We’ll start by understanding why your orgasms differ from time to time: mood, stimulation style, whether you’re tense or relaxed, etc. Then we’ll go through guiding principles — ideas like delaying gratification, trying new kinds of stimulation, and involving more of your body. We’ll drop in recent research to back up each of these, so it’s not just hearsay (yes, science is sexy).

After that, we’ll get practical: tweaks and experiments you can try in your solo time — different positions, new toys, combining spots, edging, all that. We’ll also cover safety — because intensity is great, but comfort + consent (even with yourself) matter most. Finally, we’ll answer FAQs: anal play, masturbation frequency, what’s normal, and more.

Whether you’re curious about stronger orgasms, bored of the same routine, or just want to feel more present and pleasure-aware, this is for you. Let’s unlock more powerful, fulfilling solo sessions.

Principles

Here are some core ideas (“principles”) that tend to make orgasms stronger, deeper, more satisfying. These aren’t rules so much as things worth experimenting with.

Slow / Delayed Gratification

Taking your time can lead to more powerful releases. One technique is letting yourself build arousal slowly rather than rushing toward climax. This gives your nervous system more time to ramp up pleasure signals, which can lead to a more intense orgasm when you finally let go.

There’s related research and user-data supporting the idea of delaying orgasm (often called “edging”) as a way to amplify orgasm quality. For example, a recent “Sexperiment” by the sex toy company Lioness found that the majority of users who practiced edging reported longer sessions and longer orgasms than when they didn’t edge. [1]

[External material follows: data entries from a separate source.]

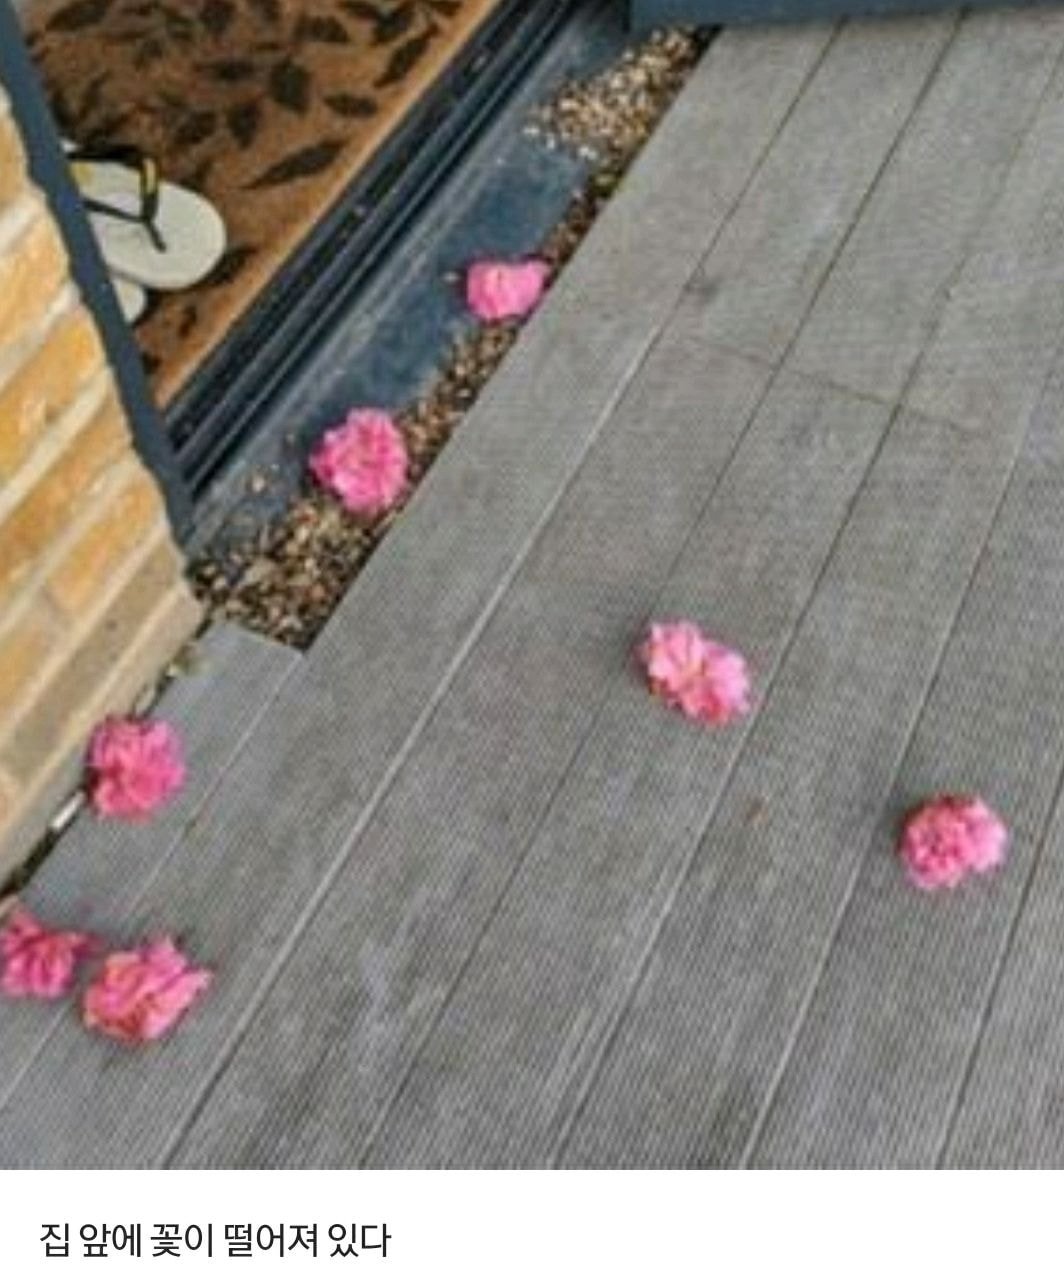 매일 집 현관에 분홍색 꽃이 떨어져 있던 이유.jpg
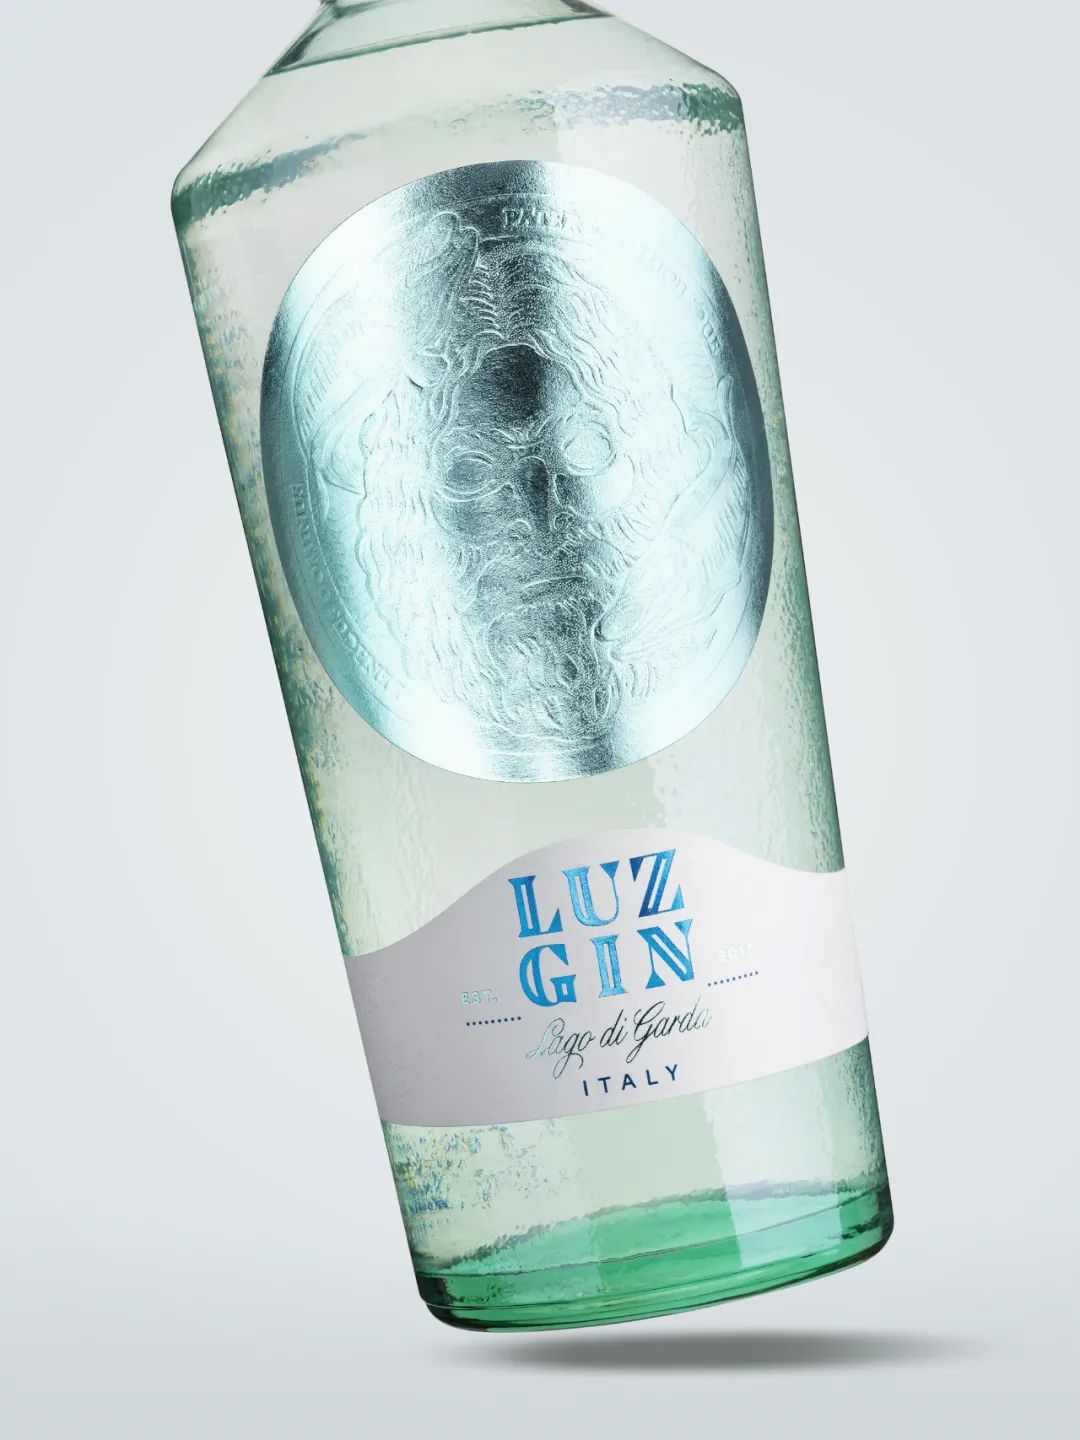 Luz Gin
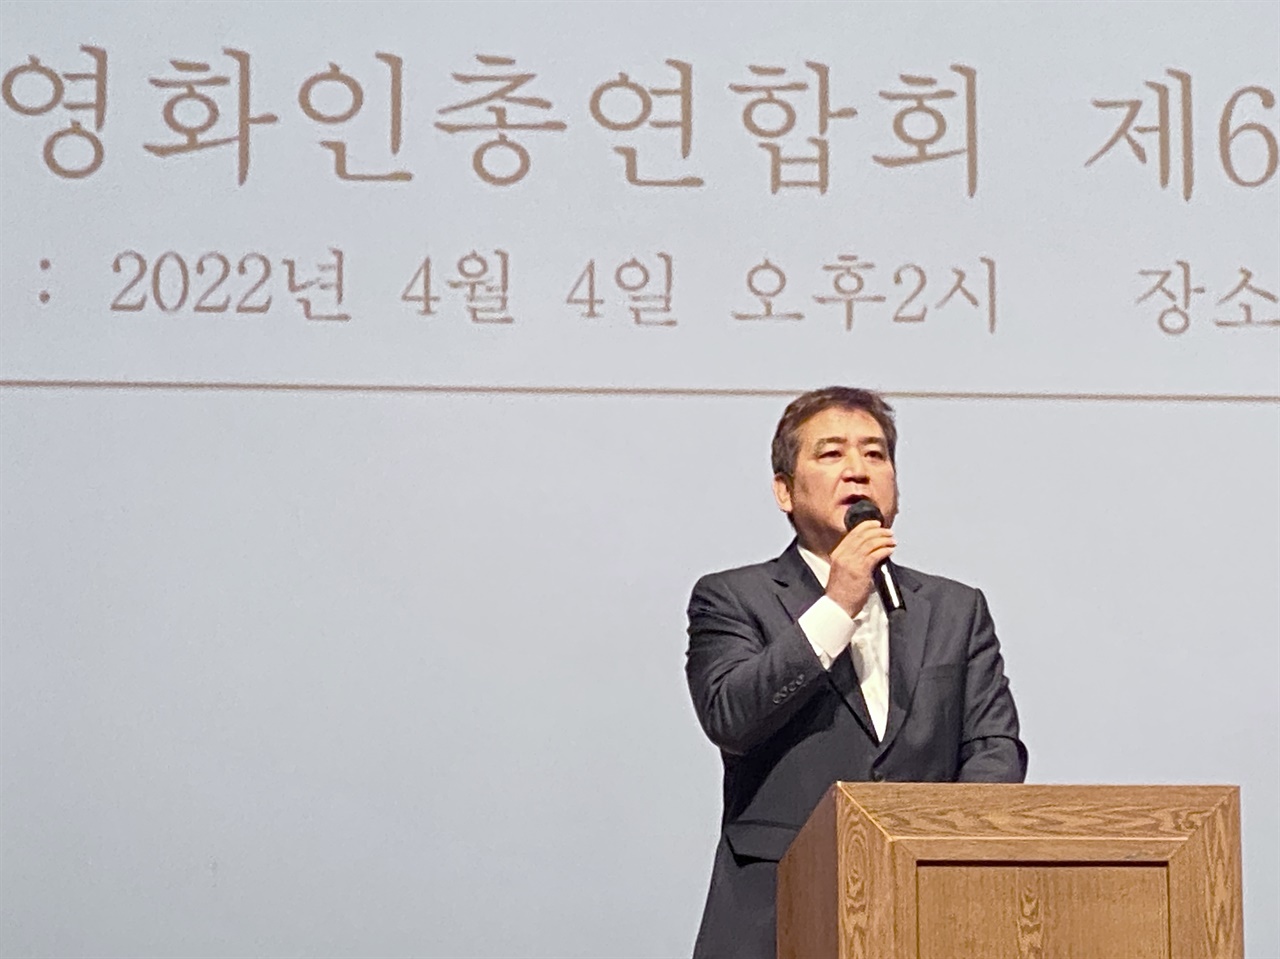  4일 한국영화인총연합회 신임 이사장으로 선출된 양윤호 감독.

Also, edging shows up in sex-health sources (like WebMD) as a technique that can increase satisfaction, delay climax, help with control, and deepen orgasmic intensity. [2]

New Kinds of Stimulation

Trying new forms or patterns of stimulation — whether different pressure, textures, rhythms, or body areas — can awaken sensitivity that routine often dulls. Our nervous system adapts: what once felt super intense can become “normal,” so novelty can help re-kick things up.

A study mapping erogenous zones in the rectum (among people who practice receptive anal intercourse) showed that different zones (especially superficial anterior regions) are experienced differently, and some people report being able to orgasm from anal stimulation alone or with co-stimulation. [3] That suggests that bringing in new zones of stimulation (not just the usual genitals) can make a big difference.

Also, research on genital stimulation in women has associated greater orgasm consistency (vaginal orgasm consistency) with sensitivity from deeper vaginal or cervical stimulation rather than just shallow or external stimulation. [4]

Full Involvement

By “full involvement,” I mean engaging more of your body (mind + senses + multiple erogenous zones), not just focusing narrowly on one spot. Think mind-body, touching extra zones, perhaps combining genital + anal + nipple or other erogenous regions, or integrating fantasy, breathing, mental feelings, etc.

Here again, the anal erogenous zone mapping study is useful: many people reported needing co-stimulation (stimulating more than one region at once) to reach orgasm when using anal or vaginal stimulation. [3]

Also, a study of fMRI in women showed that orgasm (both self-induced and partner-induced) engages not just sensory/motor areas but large networks in the brain including reward, emotional, and integrative regions — so pleasure is very much whole-body, whole-mind. [5]

Better Masturbation Orgasm Tips (More Detailed)

These are ways to level up your solo sessions. Try a few, mix and match, and see how your body responds. Everyone’s different, so experimentation and patience are key.

Reduce or Stop Watching Porn

Porn can be fun, but too much of it can rewire your brain to rely only on certain visual triggers. Over time, this may dull sensitivity to other types of arousal, leaving real-life sensations feeling a bit flat. Taking a break from porn gives your body and mind space to reconnect with natural arousal, fantasy, and touch. Many people notice that when they reduce or stop, their sensitivity returns, orgasms feel more personal, and arousal builds more naturally.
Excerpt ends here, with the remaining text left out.